The Guyana Local Government Officers Union (GLGOU) has since intervened in the issue and its President Dale Beresford yesterday said that unless Sooba rescinds the order and follow the correct procedure, then the body will call for industrial action to be taken.
King received the notice on Thursday which indicated that he must proceed on leave as of August 27 for a period of three weeks. Efforts to reach Sooba for comment yesterday were unsuccessful.
“First of all, Mr. King needs to apply for leave through the personnel section and he is due for leave from October and at this point we don’t believe that officers should go on leave. They should be on board to deal with the issues,” Beresford told Stabroek News.
Beresford further reiterated that Sooba does not have the authority to instruct officers on leave and that such an order must go through several processes.
“It has to go through the standing committee, the social development and also the personnel committee. Additionally, we are saying that Mr. King should not be sent on leave at this junction. We are asking them who will undertake the duties of the [Public Relations Officer]? She has said the registrar supervisor, Valerie Chichester, who has no experience in public relations. Additionally, Mr. King’s department has a deputy, Debra Lewis, who has been functioning in his absence over and over to satisfaction. Again, this has been bypassed,” Beresford said.

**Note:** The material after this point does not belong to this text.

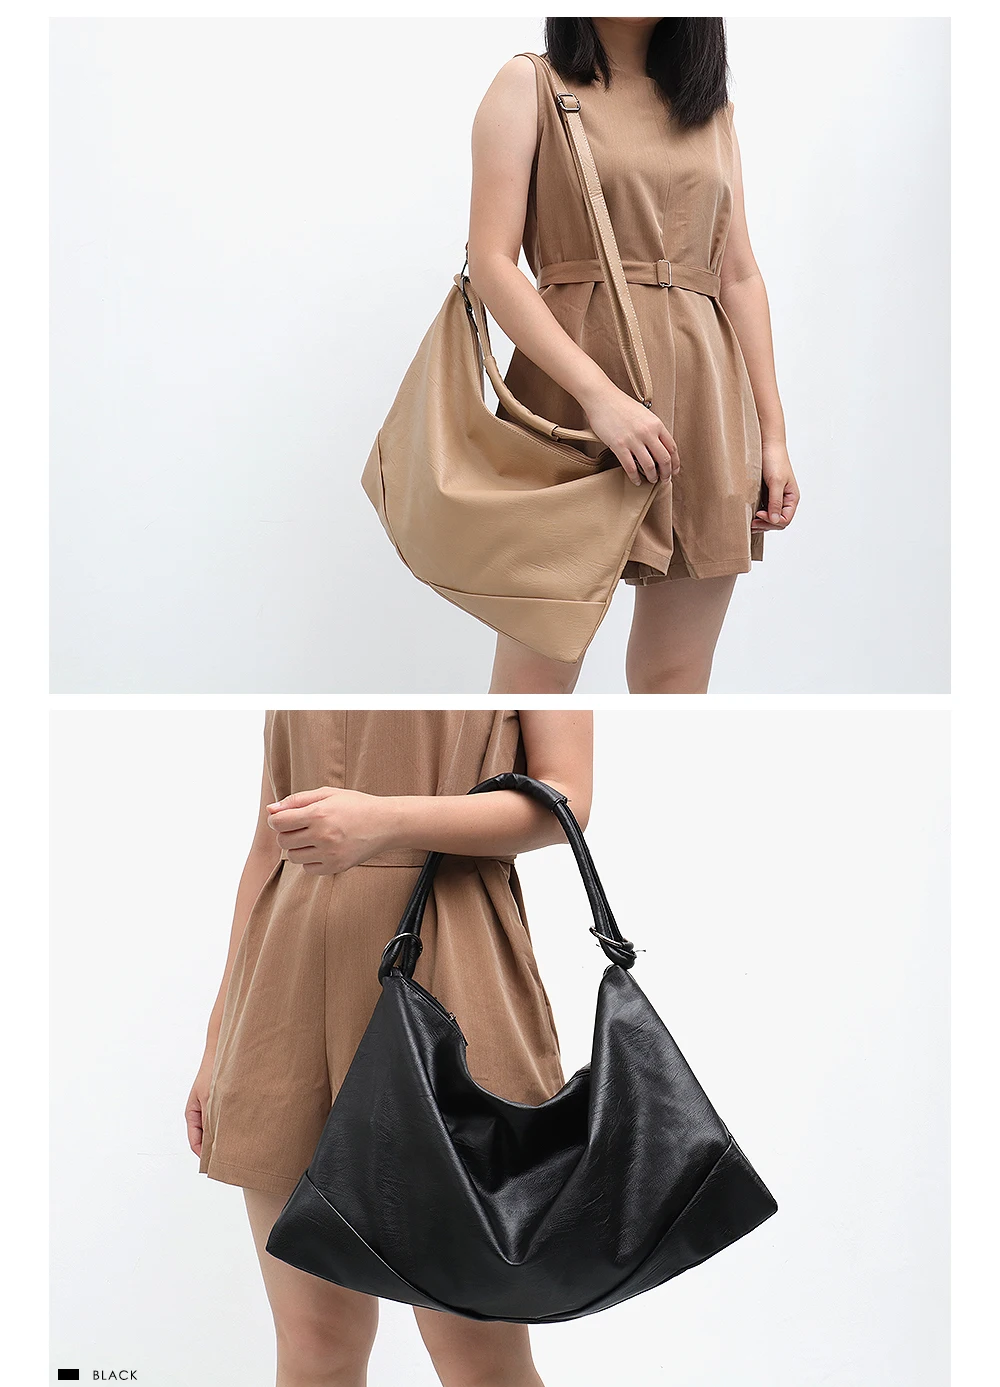 CEZIRA, большие сумки Хобо для женщин, веганская кожаная сумка на плечо, мягкая высококачественная искусственная кожа, модная Повседневная стильная женская сумочка, сумка через плечо

King, meanwhile, suggested that he was being targeted. “She is now targeting public relations for obvious reasons and one of those reasons is because I was recommended by the council on two occasions to head the organisation as Town Clerk,” King told Stabroek News yesterday.
King was appointed to act as Town Clerk by the council—but without the approval of the Local Government Ministry—when it had identified replacements to act in the stead of six officers sent on leave to facilitate the police investigation into the city’s operations. However, just days later, the Local Government Ministry took a decision to have Sooba act in the position instead. This move was also criticised by the GLGOU.

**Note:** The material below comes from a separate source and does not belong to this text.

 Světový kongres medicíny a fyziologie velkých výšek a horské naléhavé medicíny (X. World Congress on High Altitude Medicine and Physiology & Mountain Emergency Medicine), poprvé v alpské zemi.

Sooba does not have the authority to ask any officer of the municipality to proceed on leave, King said, while also questioning her competence to re-examine his department, since it is a specialist section.

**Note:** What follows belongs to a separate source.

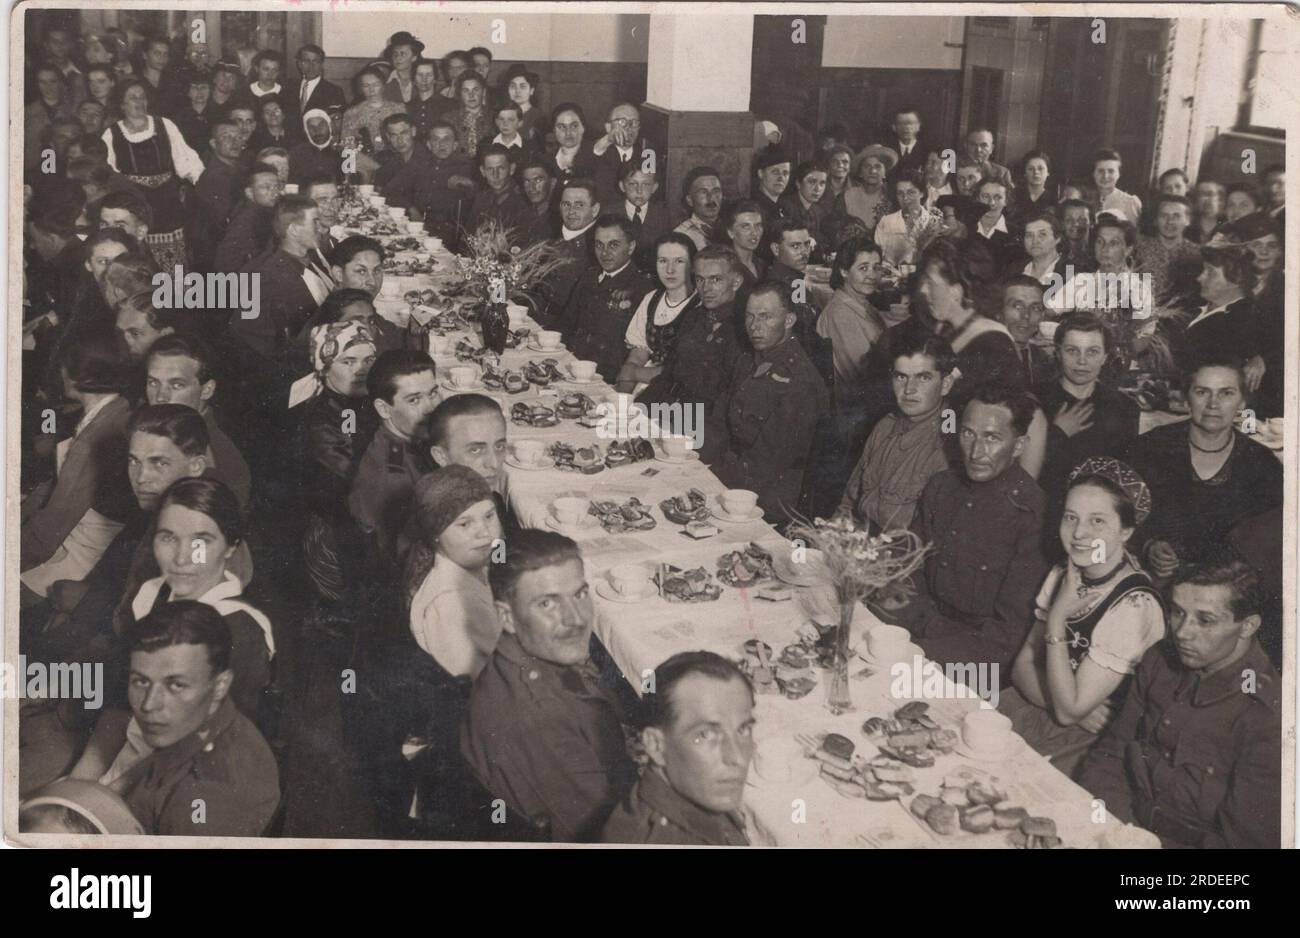 Klassisches Militärevent in einem Bankettsaal während des Zweiten weltkriegs / WW2. Soldaten mit diesen Frauen, die an dieser Veranstaltung teilnehmen, um zusammen zu essen. Stockfoto

Beresford also questioned the stakeholders who Sooba intended to involve in her re-examining process and noted that the unions need to be a part of the exercise. “You are saying that after 21 days you will complete reengineering of the section? Where is all the information for that coming from? King is the most applicable person,” he said.
Beresford also noted that currently committees are requesting that officers work beyond their normal working hours and this is a “countermove that is ill-conceived and it is counterproductive.”